Meatless Monday, now a popular international movement, was created by the U.S. government as a resource-saving measure during World War I. In 2003, Johns Hopkins Bloomberg School of Public Health re-launched the effort to promote replacing meat one day a week for our health and the health of the planet.

Although Americans are eating less meat than just five years ago, representing the first significant decline in domestic meat consumption in decades, meat consumption at current levels is still not sustainable. The HSUS promotes programs like ­­­Meatless Mondays to accelerate this positive trend toward reduced meat consumption.

High meat demand pressures farmers to adopt more industrialized production systems, in which animals often suffer, such as by being confined to tiny cages and crates. These systems also squeeze smaller farmers who have a harder time competing with factory farms.


  • Meatless Monday is an international movement to raise awareness of the benefits of reduced meat consumption by bringing attention to the animal welfare, environmental and public health impacts of industrial meat production.
  • Polls show that 50 percent of people in America are aware of Meatless Monday and that roughly one in five are participating in it.
  • Public figures, celebrities and athletes—including former President Bill Clinton, Oprah Winfrey, Ellen DeGeneres, Rev.
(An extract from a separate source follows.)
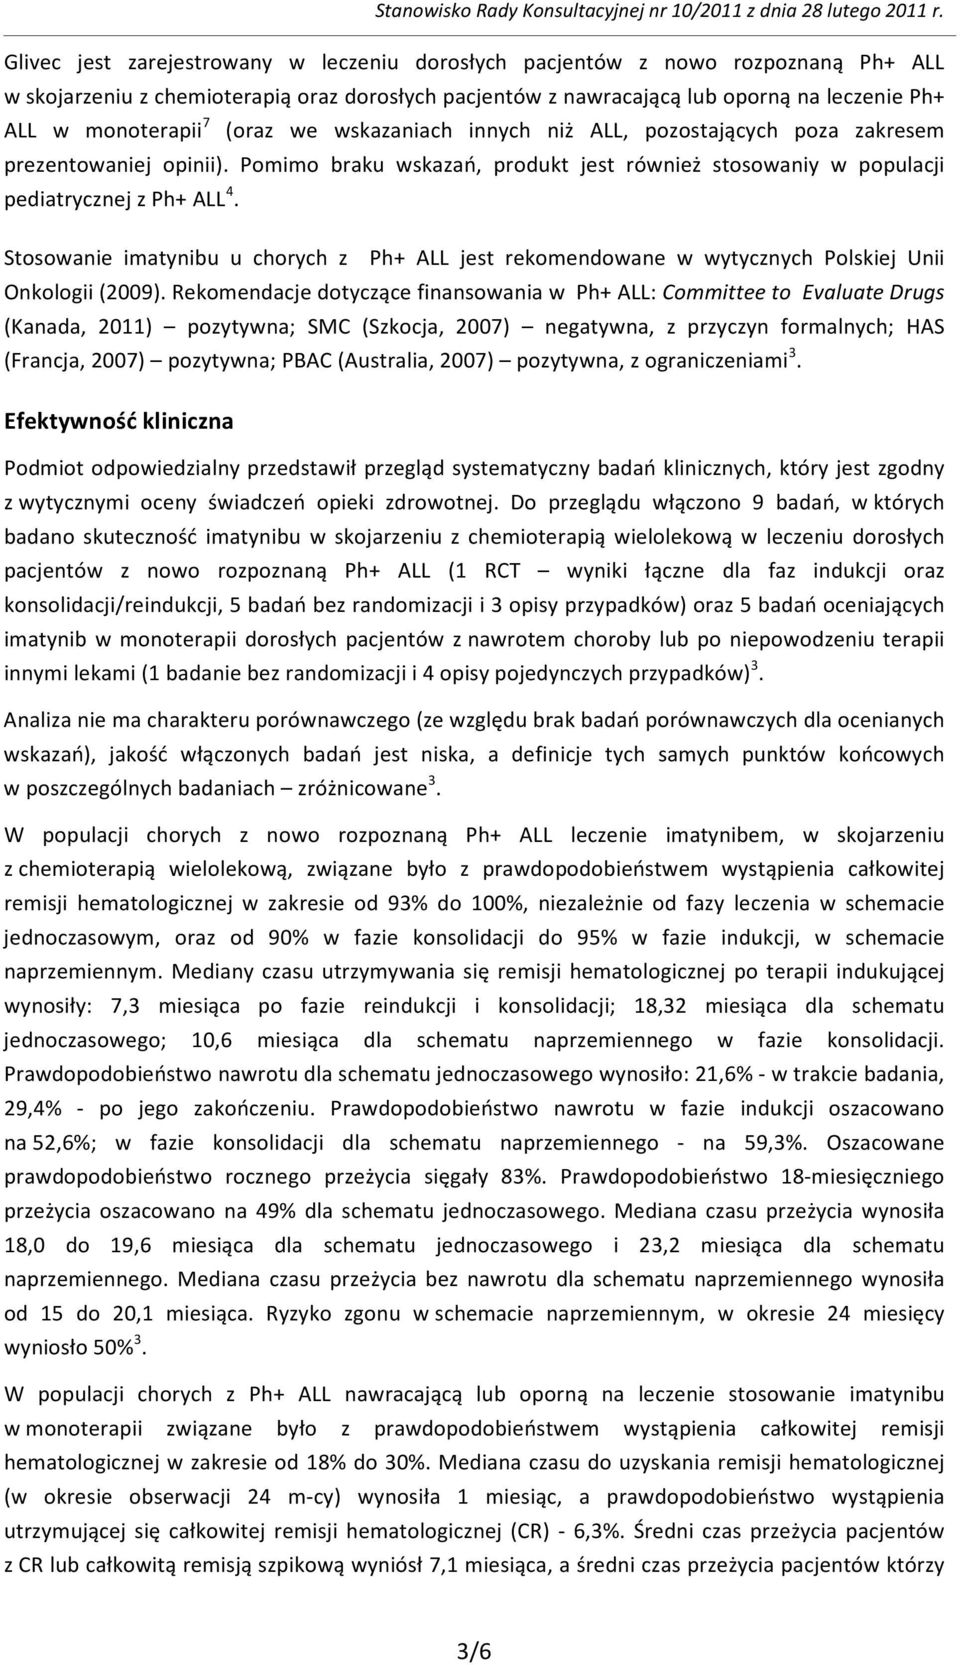 Stosowanie imatynibu u chorych z Ph+ ALL jest rekomendowane w wytycznych Polskiej Unii Onkologii (2009).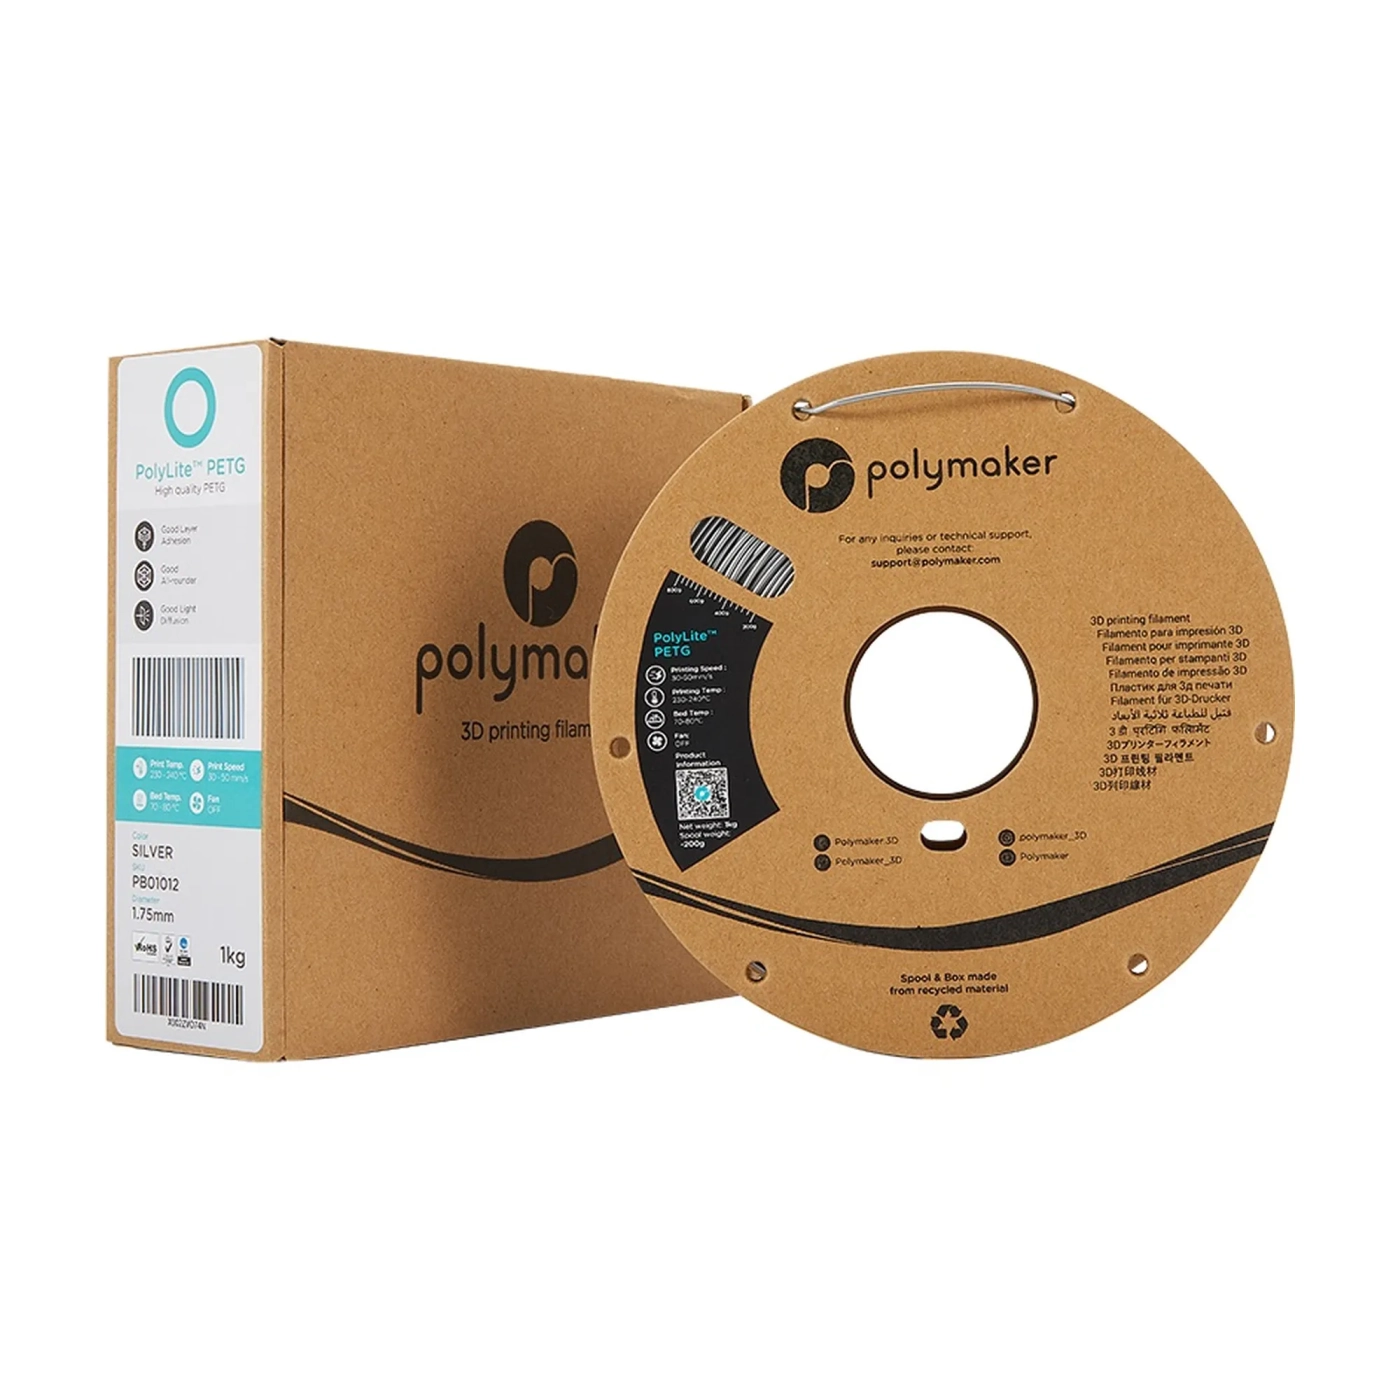 Купить PolyLite PETG Filament (пластик) для 3D принтера Polymaker 1кг, 1.75мм, серебряный - фото 3

Al Sharpton, Russell Brand, Carl Lewis, Mike Tyson and Tony Gonzalez—have recently touted the advantages of eating less meat-centric diets.   
  • Going meat-free one day a week can help improve public health too: People who eat fewer animal products have lower rates of weight gain, dementia, arthritis, high blood pressure, kidney disease, and other health problems than people who eat a typical American diet.